Artharthi: This man is the one seeking material from God. When someone of us need a car, we turn to God for this.

Jignasu: He is the man full of curiosity of the nature of self, the world and God. And this person turns to none other than God to get cleared of this.

Gnani: He is divine wisdom personified. Krishna inserts a conjunction ‘cha’ to denote the speciality of this worshipper. He is a man of God.

You might want to grade these people. The Gnani comes first , followed by Jignasu, Artharthi and finally Artha. But the common thread among these all is that they all worship the Lord . Krishna also says that these are men of good deeds meaning they are devoid of demonic tendencies.

Now please read on to enjoy Swamy Ramsukhdasji’s brilliant explanation of this sloka. For some it might be boring, but press on. It is worth the effort.


The three excepting the Gnani has the desire as a driving force for their worship. This desire is of two types The first for this present life and the other for the after life. The latter is all about mukti. The Jignasu yearns to know the truths about mukti (emancipation). Thinking deeper here this yearning is a need and not a desire per se. The search for truth is a fundamental need. Such needs, once satisfied never rise again unlike desires which rise again and again and are never satiated. This ‘need’ belongs to the ‘sat’ (truth) category. But 'desire' belongs to the ‘asat’ (untruth)

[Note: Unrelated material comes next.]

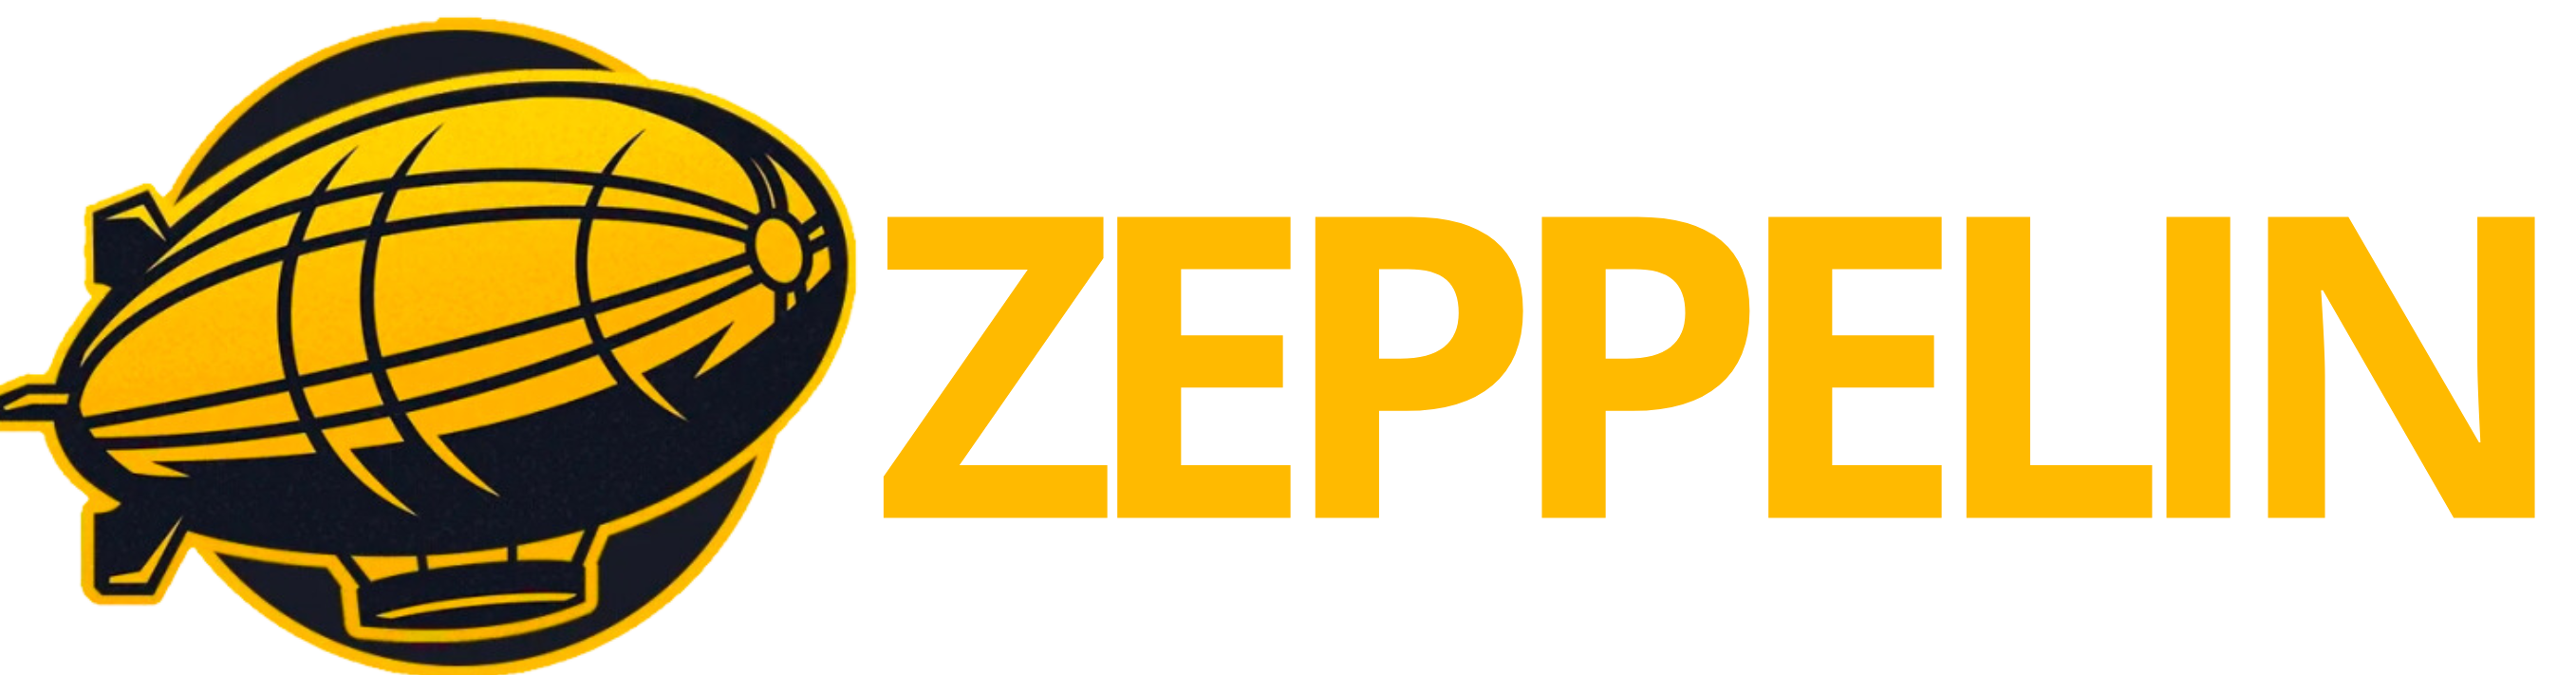 Zeppelin aposta logo

The other yearning is for the Lord’s love. Though this Love is a priceless one, the benefits of such Love is never one’s own. They are God’s only. The seeker surrenders himself to God totally. We can instantly say that these two are not desires at all.


Now let us see the other desire. That is, the desire for this present life. This desire is one directed towards the world. They are of two types. The first is for seeking pleasures in this life and the other is for removal of pain from this life.

The pleasure seeking expresses itself in seeking fame, material comfort, physical comfort, sensual gratification, sexual satisfaction and so on. Secondly, there is that desire that wants pains or obstacles removed. What are these pains ? They are of three types. Adi Daivikam, Adi Boudikam, and Adhyatmikam.

The pain or grief arising out of flood, draught, earthquakes, wind and cold form the Adi Daivikam.

The grief arising due to animals, birds and evil people are called Adi Boudikam.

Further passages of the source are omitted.